Level 2.1: Game Designer

What is a Game Designer?

As you may have noticed, game design is an incredibly broad field. Those of us who are professional designers sometimes have trouble explaining what we do to our families and friends. Part of the reason for this is that we do so many things. Here are some analogies I’ve seen when trying to explain what it is like to be a game designer:

  • Game designers are artists. The term “art” is just as difficult to define as the word “game”… but if games can be a form of art (as we saw in Costikyan’s definition, at least), then designers would be artists.
  • Game designers are architects. Architects do not build physical structures; they create blueprints. Video game designers also create “blueprints” which are referred to as “design docs.” Board game designers create “blueprints” as well — in the form of prototypes — which are then mass-produced by publishers.
  • Game designers are party hosts. As designers, we invite players into our space and try our best to show them a good time.
  • Game designers are research scientists. As I will touch on later today, we create games in a manner that is very close to the scientific method.
  • Game designers are gods. We create worlds, and we create the physical rules that govern those worlds.
  • Game designers are lawyers. We create a set of rules that others must follow.
  • Game designers are educators. As we will see later when we start reading Theory of Fun, entertainment and education are strongly linked, and games are (at least sometimes) fun because they involve learning new skills.

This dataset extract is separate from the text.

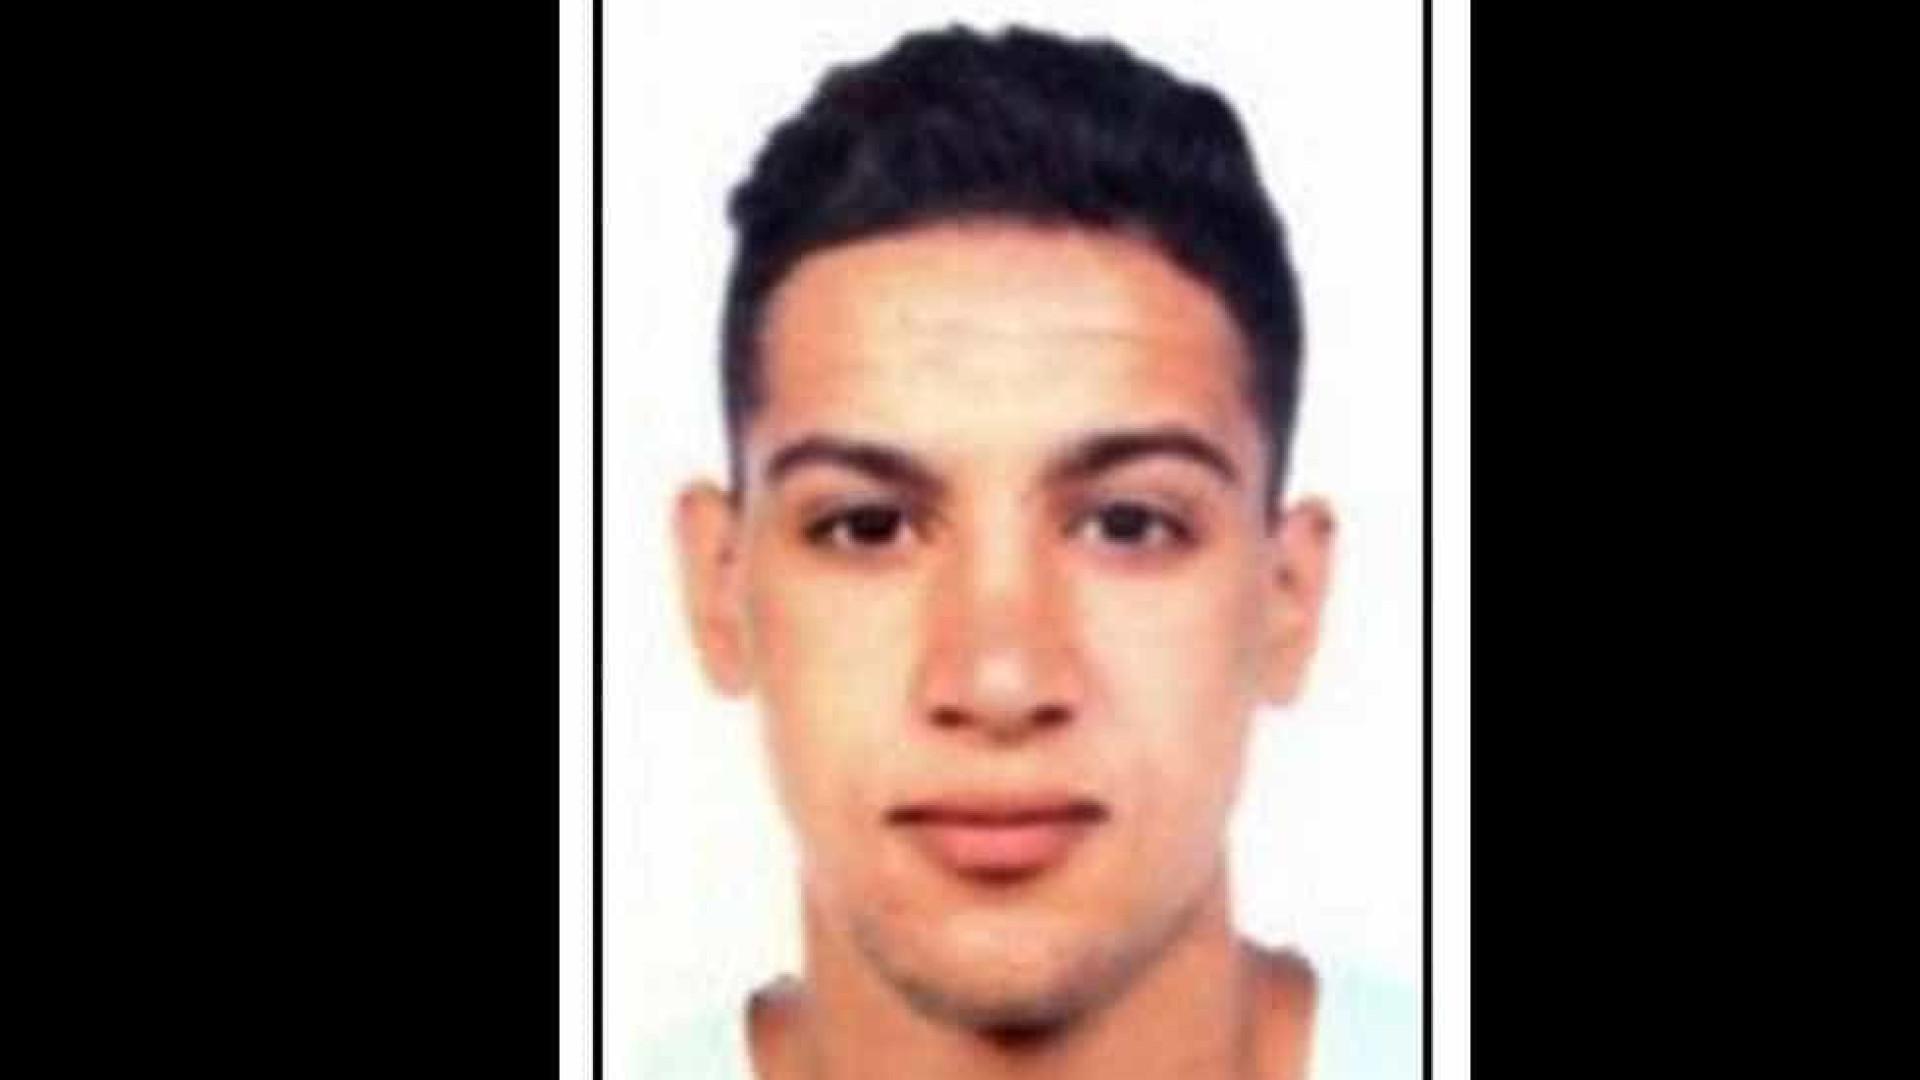 Terrorista morto em Cambrils pediu 'perdão' em carta de despedida

If game design is all these things, where would it fit in a college curriculum? It could be justified in the school of education, or art, or architecture, or theology, or recreation management, or law, or engineering, or applied sciences, or half a dozen other things.

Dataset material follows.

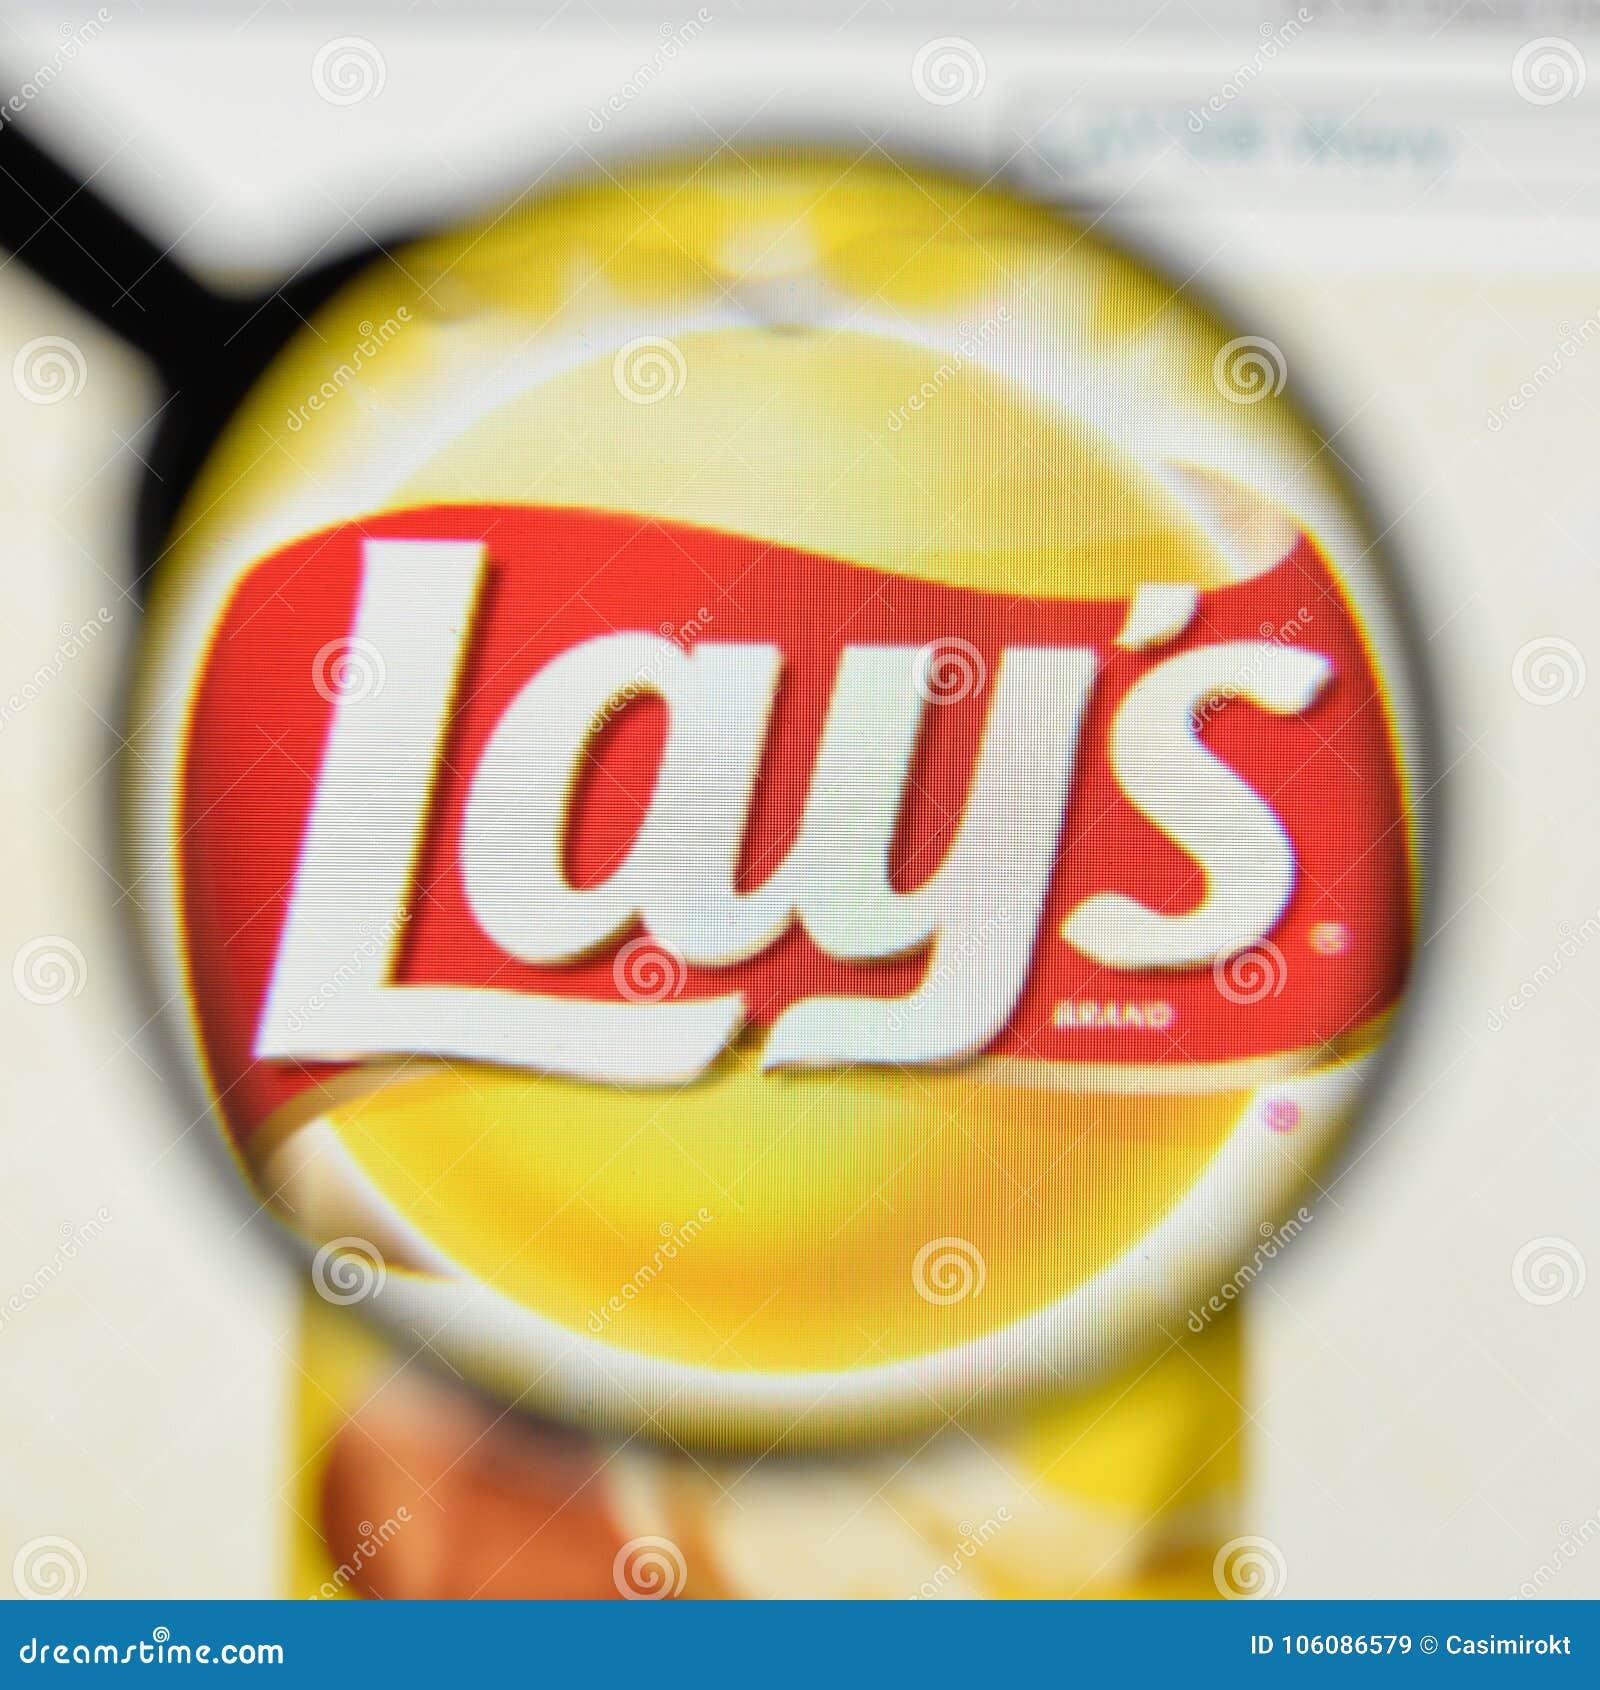 Milan Italy November 1 2017 Lays Potato Chips Logo On The

Is a game designer all of these things? None of them? It is open for discussion, but I think that game design has elements of many other fields, but it is still its own field. And you can see just how broad the field is! As the field of game design advances, we may see a day where game designers are so specialized that “game design” will be like the field of “science” — students will need to pick a specialty (Chemistry, Biology, Physics, etc.) rather than just “majoring in Science.”